You say this is a good thing and should be carried out because that is just what happens. Again, this is an is ought problem.... — schopenhauer1
We must be both sufficiently differentiated and integrated to thrive as ... social creatures. And everything else I say follows from this basic picture of the human situation. — apokrisis
This is not a smooth process. Individuals have an inclination for freedom of their own thought. Thus, not recognizing people's tendency for their own freedom of thought, is tacitly just putting the "is" of group dynamics as the "ought" of individuals conforming to demands of the given. Rather, though people must acquiesce to the given, the situation is still the given.
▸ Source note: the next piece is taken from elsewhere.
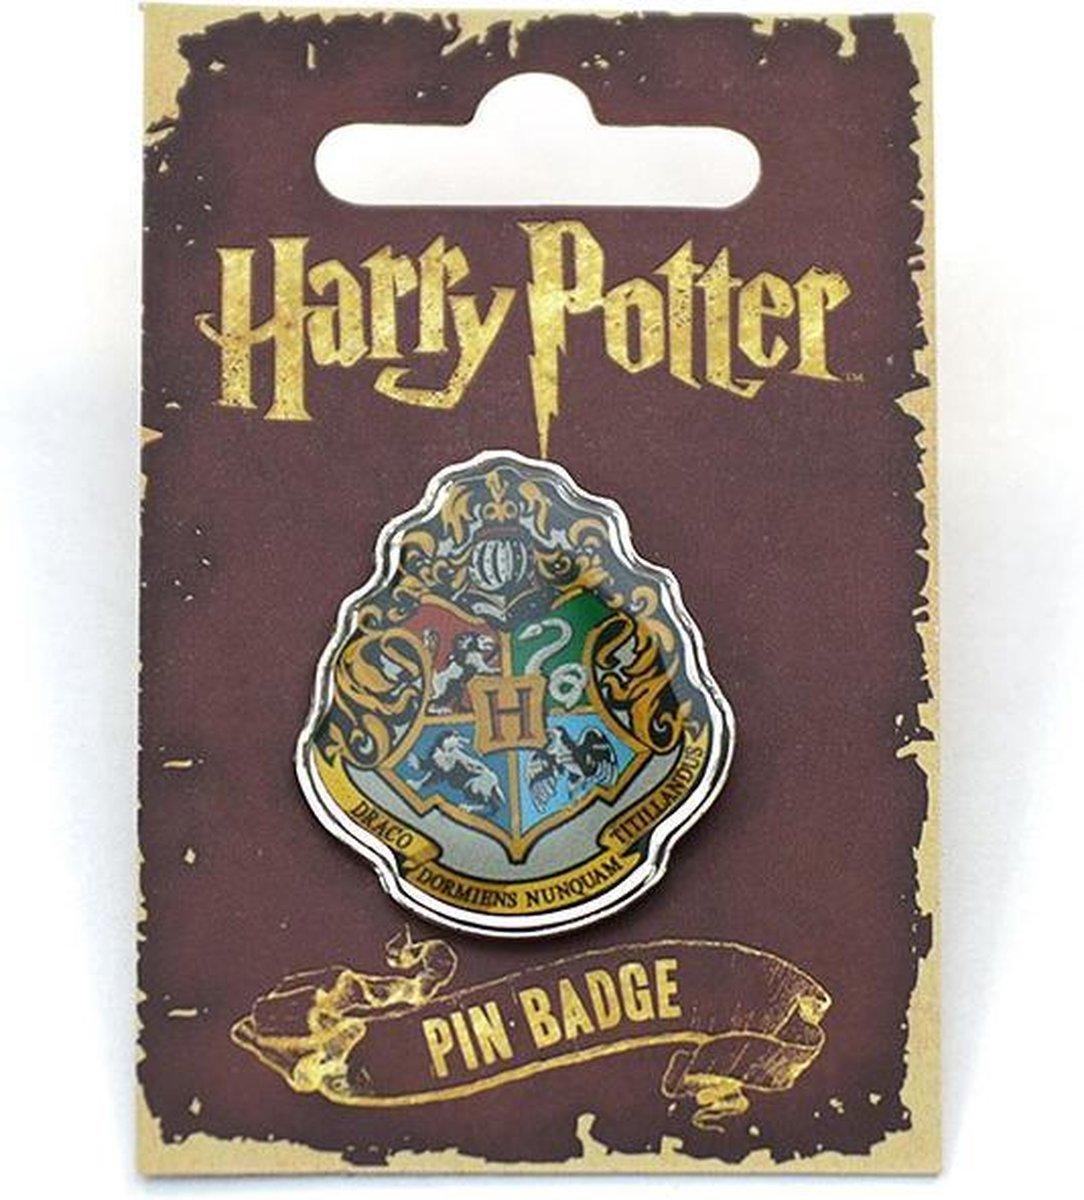 Harry Potter Quidditch Captain Badge Pin Speld
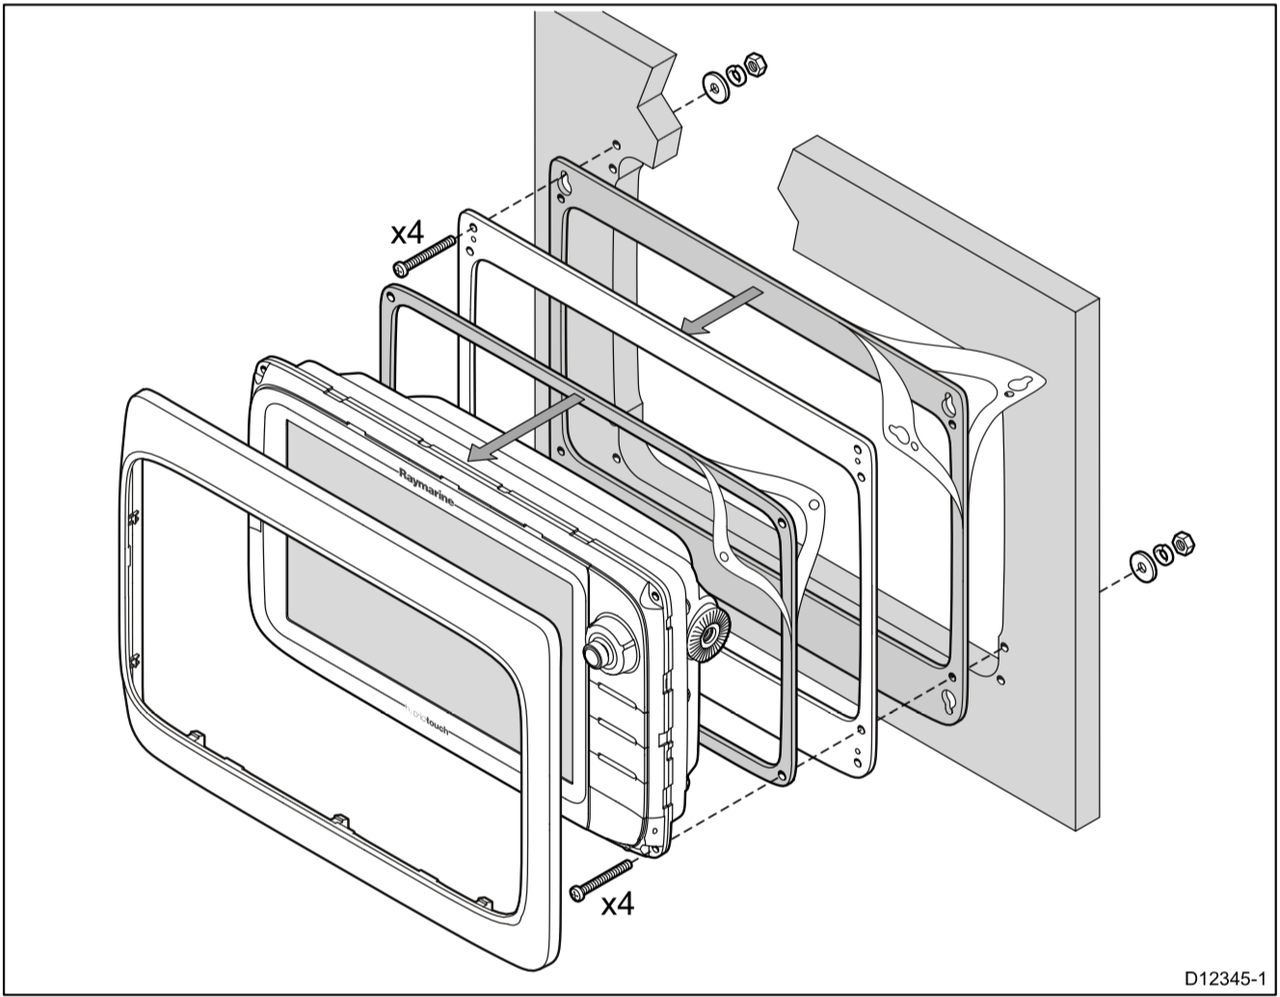 Garmin 498 Wiring Diagram 4 Wire Telephone 17 Gps Diagrams Schematics Bosch Map Sensor

Why create more situations where individuals must encounter the given? — schopenhauer1
Now from here, you take this IS and make it an OUGHT by PREFERRING to have future people that experience this dynamic of the individual and society. — schopenhauer1
And collectively, as a society, we will make some general choice. Who could complain about that? — apokrisis
Because there is always tension between the individual and society... — schopenhauer1
Of course we conform to society's expectations/roles/givens, etc. We eventually learn to integrate. — schopenhauer1
But why do we want this process to continue? — schopenhauer1
What is it about seeing new people navigate the social/physical world that is valuable to you that this needs to be procreated to a next generation? It is a legitimate question, but so fundamental you seem to think it should not be asked. — schopenhauer1
You might not. But why should I want what you want? Why should everyone have to serve your preference in this matter? — apokrisis
My reply to the OP was that one justification is that having kids makes you less selfish, more socially responsible and involved. — apokrisis
My outcome leads to no negative outcome for a future individual. — schopenhauer1
What is it about the word "flourishing" that draws people like a moth to a flame? — schopenhauer1
If we know of the "sufferings", why are the positives worth it when nothing had to be created at all? — schopenhauer1
....is not an answer to the question: "Why should everyone have to serve your preference in this matter?" — apokrisis
If my perspective is "wrong" no ONE is hurt by it. If your perspective is wrong, someone is always hurt by it. — schopenhauer1
If we are reasonable people, we could make reasonable judgements about whether on average those babies will later feel grateful.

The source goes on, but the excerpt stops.